'Well Kids, I Lost My Job'
How newly laid-off fathers should break the news to their children.
June 19, 2009 — -- It didn't take long for Thom Rouse's 8-year-old son to realize something was wrong.
"He caught on pretty quickly that he was seeing a lot of me lately. He wanted to know why he was with me all the time, why I was available to pick him up and drop him off from school," said Rouse, a 39-year-old father of two from New Jersey.
"I knew I could either lie to him or tell him that I had lost my job," said Rouse. "I decided to tell him the truth."
It's a decision millions of parents have had to make in recent months. How does a parent, especially a father whose sense of self is often tied to being a provider for his children, tell his kids that he has been laid off?
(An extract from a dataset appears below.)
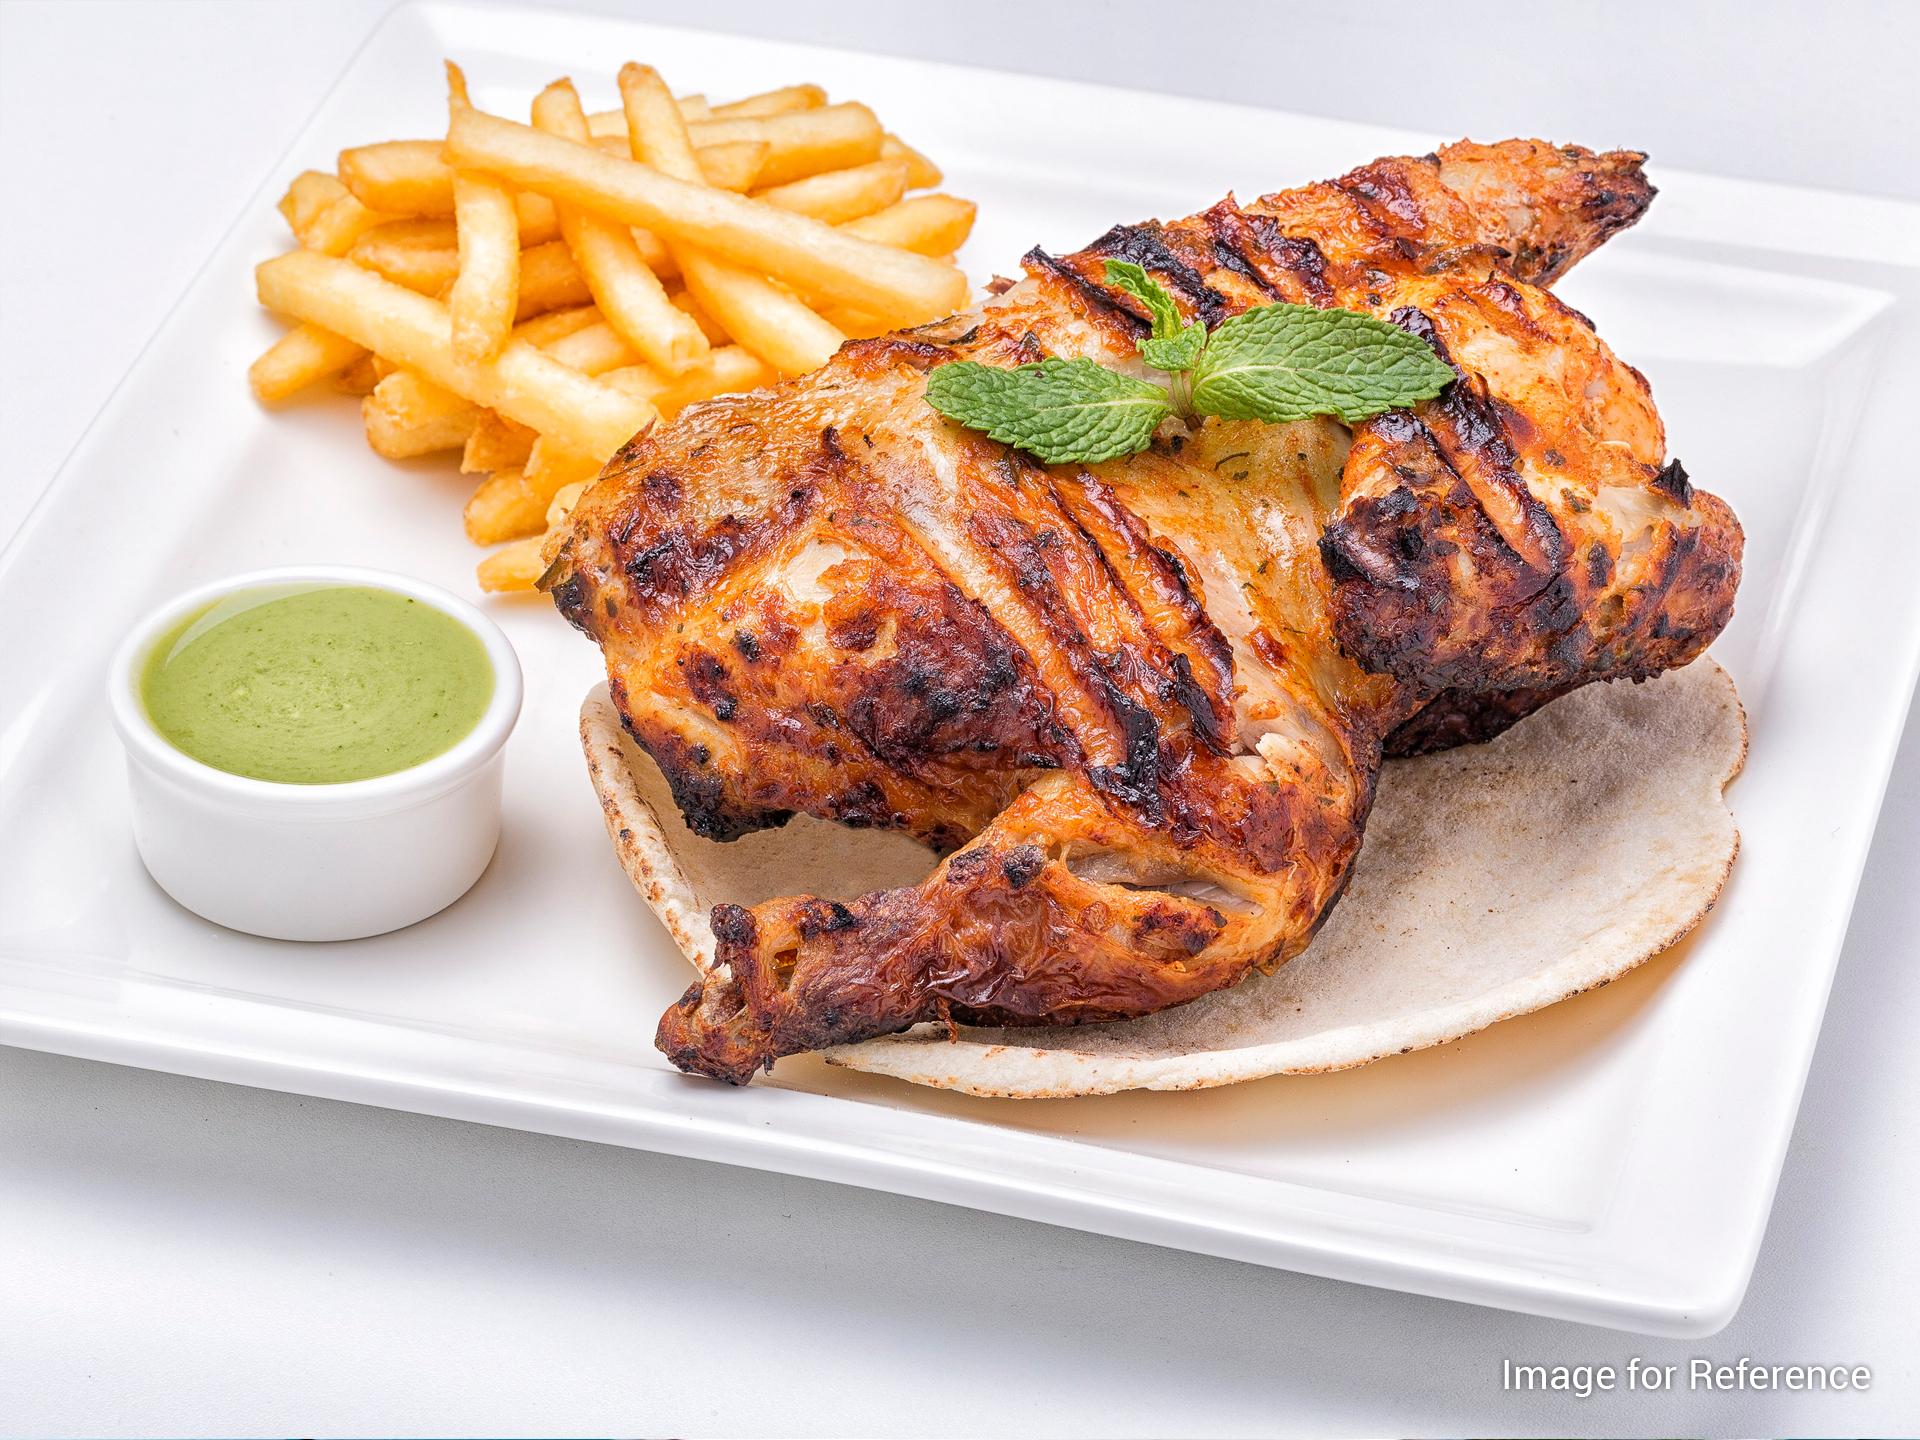 Bluemoon Family Restaurants Ki Grill Chicken Bluemoon Family

With Father's Day around the corner, the largest number of men in a generation are struggling with how to break the news that they have lost their jobs to their children.
The U.S. unemployment rate is the highest it has been in more than 20 years. In May, the number of unemployed people increased by 787,000 to 14.5 million, and the unemployment rate rose to a 25-year high of 9.4 percent, and the rate for adult men jumped 9.8 percent last month.
The Labor Department has yet to break down this year's figures for fathers. In a report released last month that looked at the 2008 unemployment data, out of 35 million families, there were some 2.4 million unemployed fathers of children 18 years old or younger.
Advertisers have tapped the growing market of recently laid-off fathers, playing mostly to their fears about being able to put food on the family table.
In a television commercial for Liberty Mutual, a father interrupts his family's chatter over dinner in a stereotypical suburban tableau.
"Can I speak just for a couple of minutes over something that's going on?" the middle-aged dad says nervously to the table at which his children, wife and elderly father-in-law are seated.
"Things at work are changing a little bit right now," he continues. "There's been some layoffs; I don't know how far that's going to go. Which means the amount of money that's coming into this family is going to be affected. Some of the promises that we made -- your mother and I … may have to be put on hold for a while. … As of right now we gotta kinda tighten the belt. So we all gotta work together on this and keep the bills to where we can actually afford them."